- **Activity**
Leave out the pictures and repeat the data exactly.

- **Collected data**

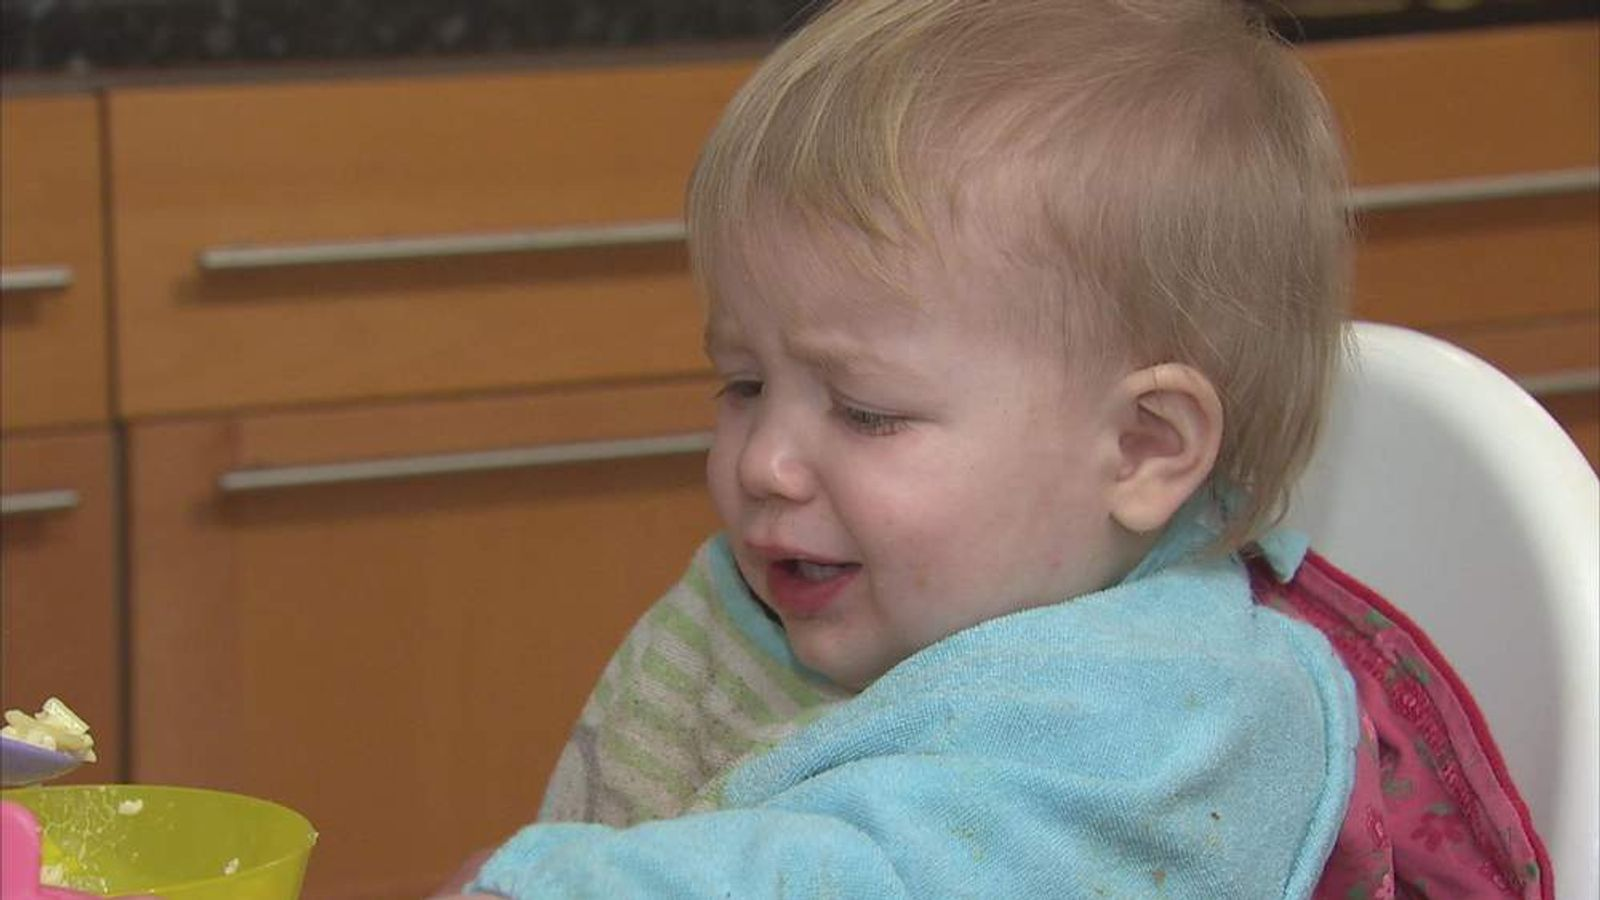 A toddler refusing food
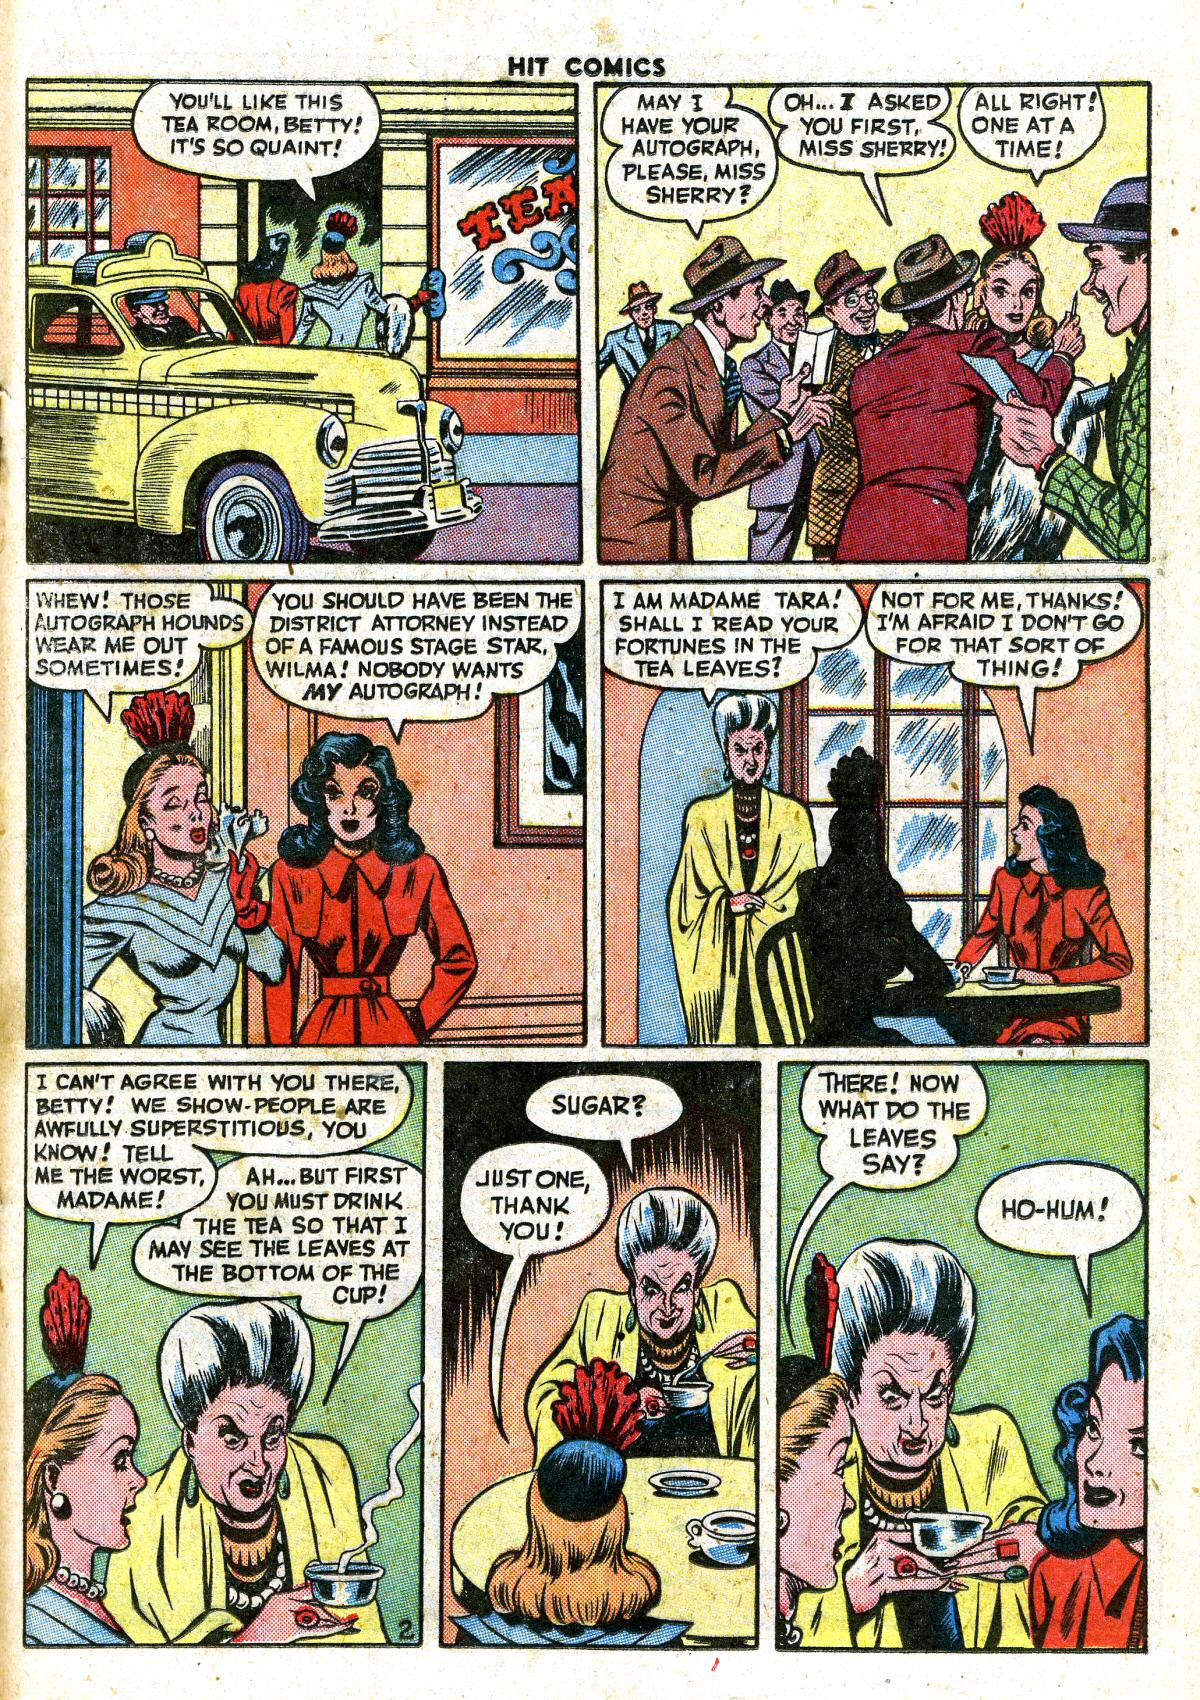 Read online Hit Comics comic -  Issue #41 - 31
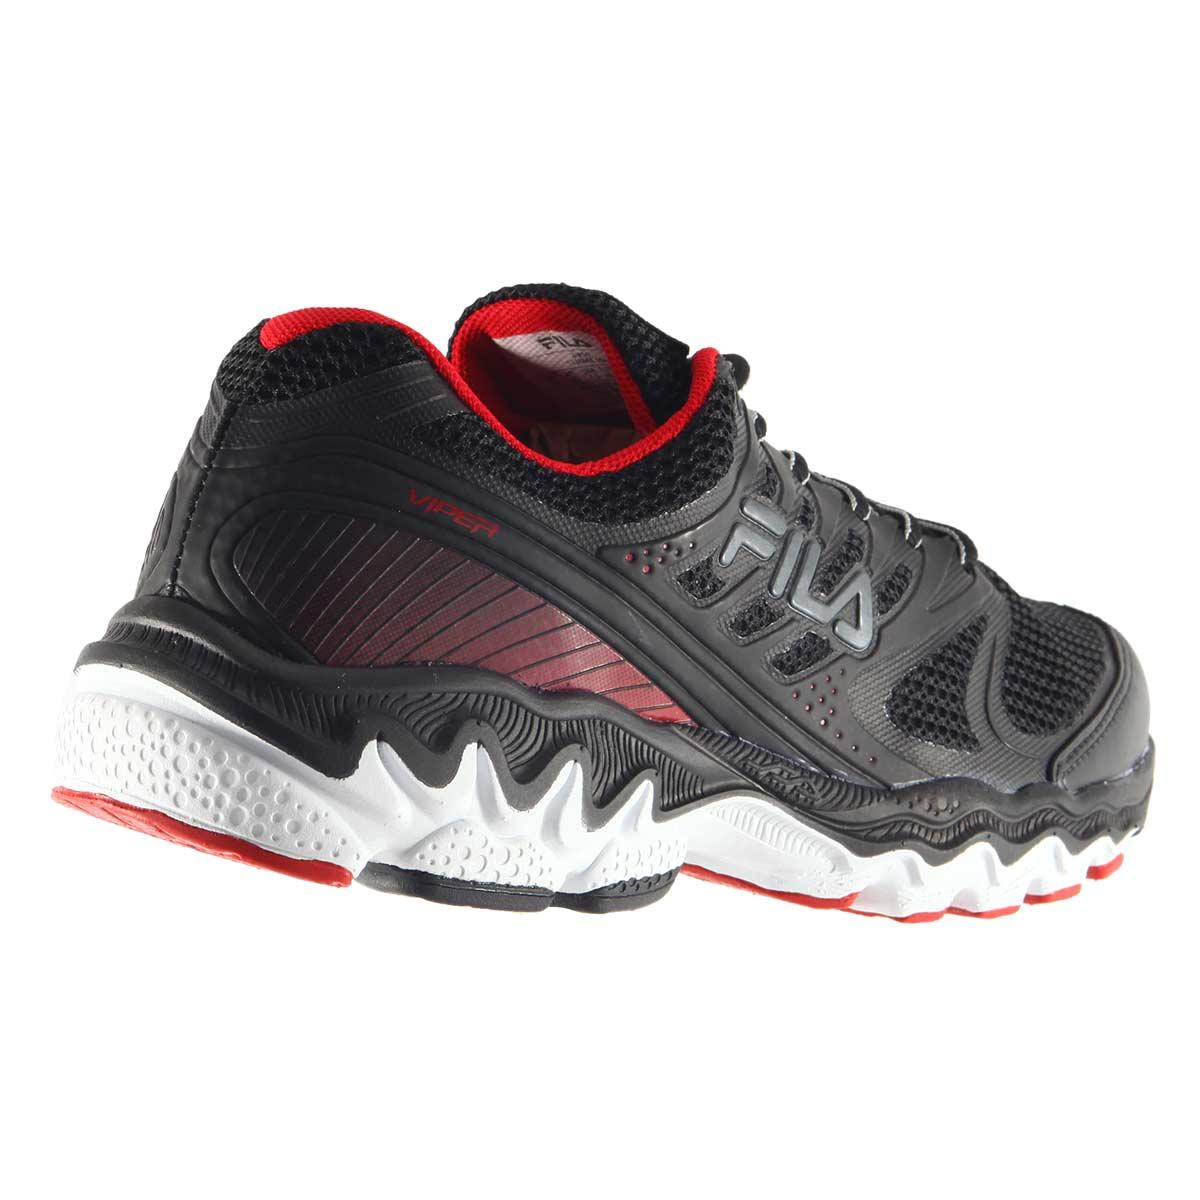 00c4b02f4f3 Tênis Fila Viper Masculino Caminhada Corrida 11J484X
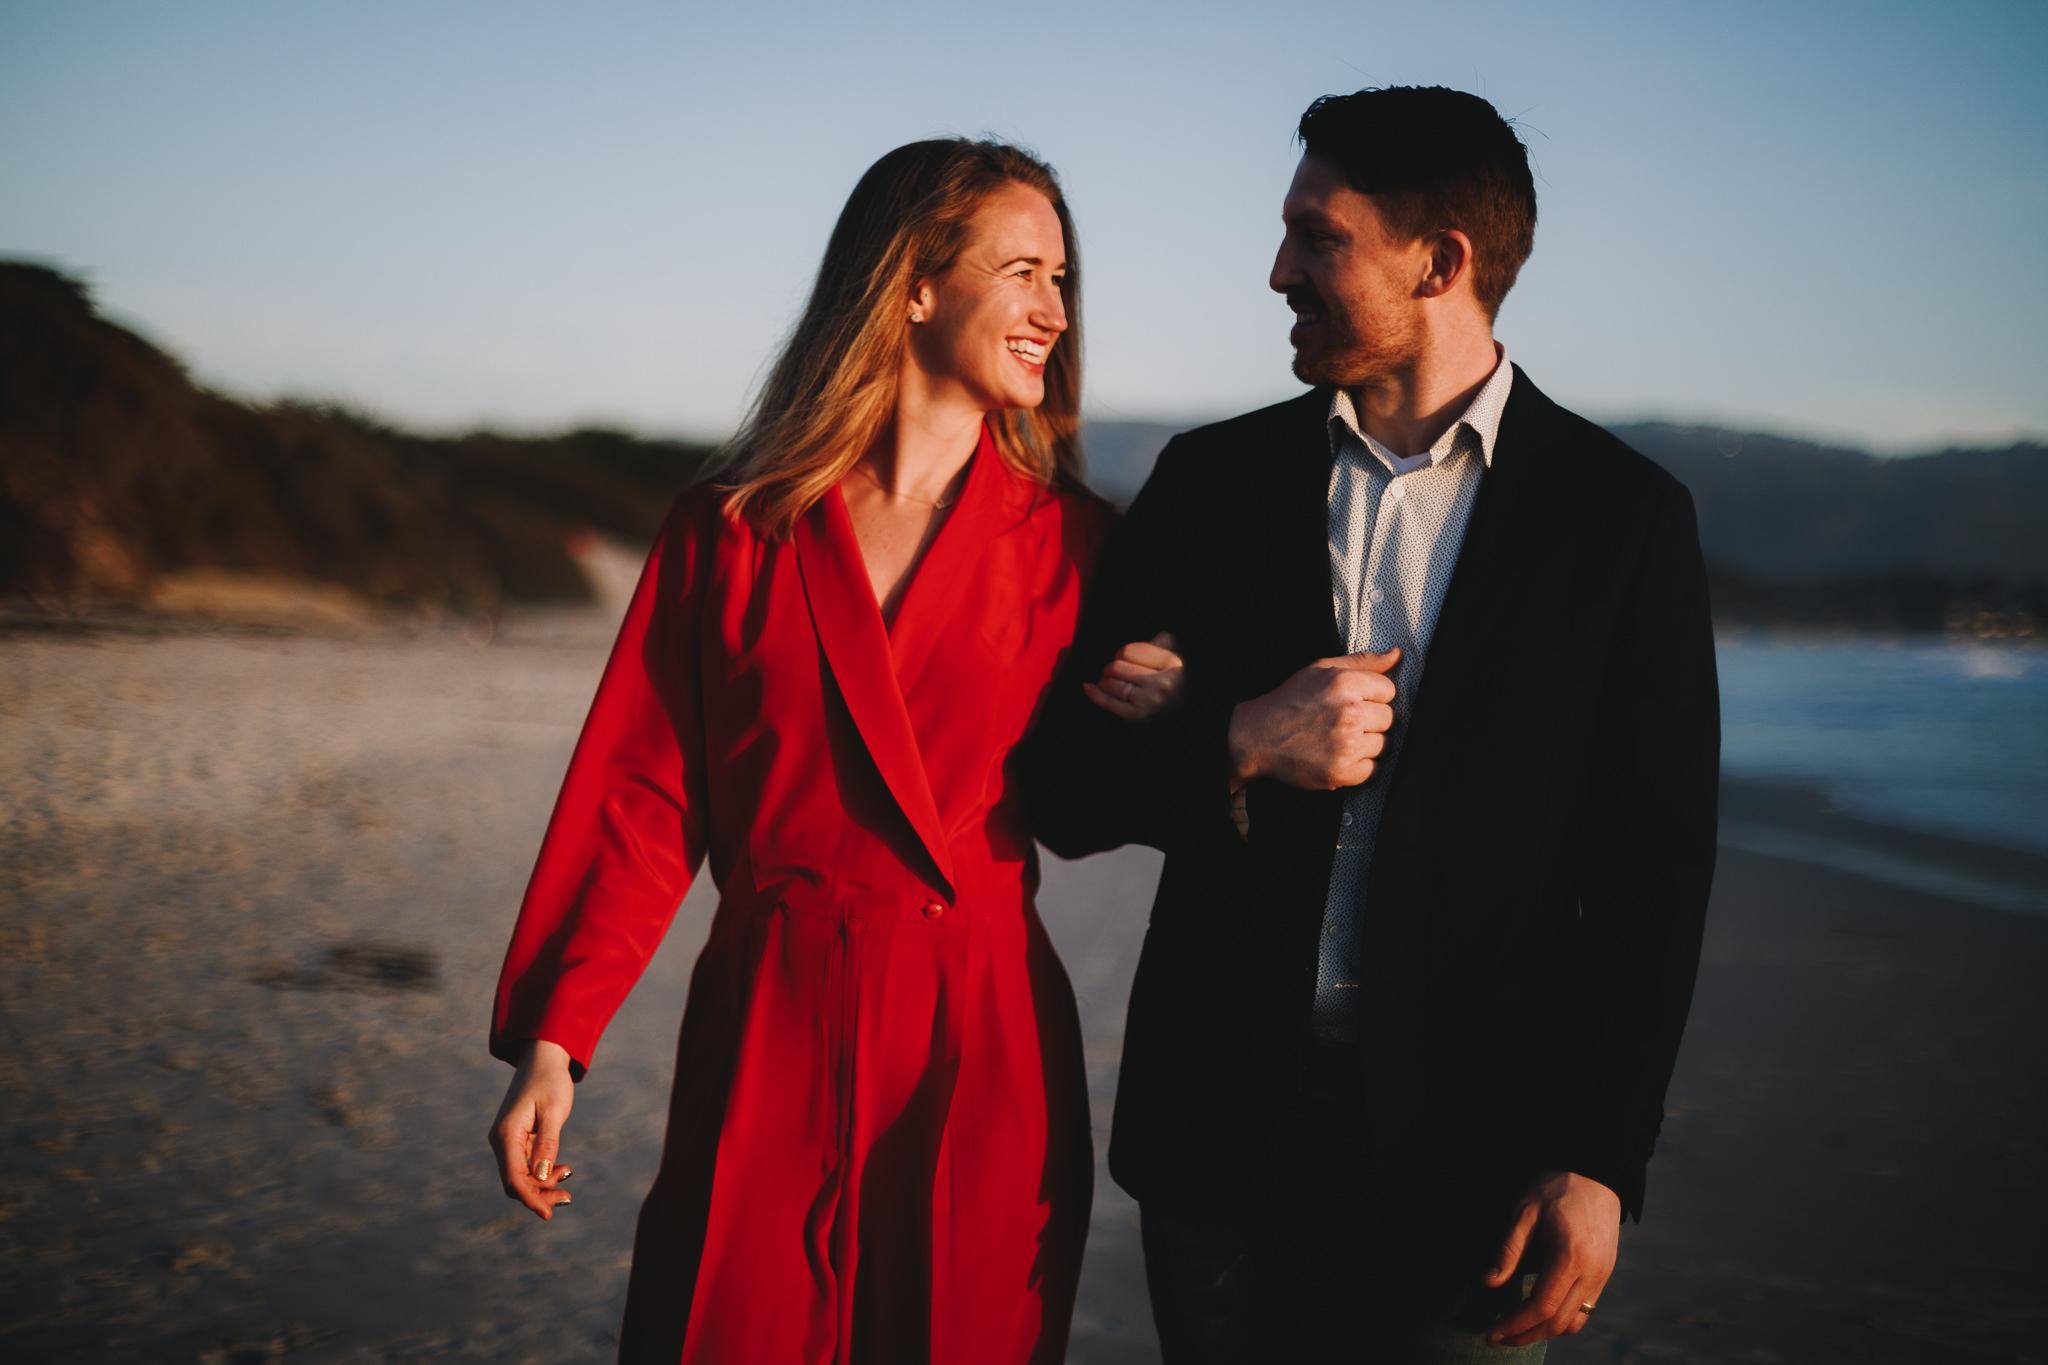 Archer Inspired Photography Carmel Beach California Wedding Engagement Lifestyle Anniversary Natural Light Photographer-41.jpg

- **Written solution**
 A toddler refusing food
 Read online Hit Comics comic -  Issue #41 - 31
 00c4b02f4f3 Tênis Fila Viper Masculino Caminhada Corrida 11J484X
 Archer Inspired Photography Carmel Beach California Wedding Engagement Lifestyle Anniversary Natural Light Photographer-41.jpg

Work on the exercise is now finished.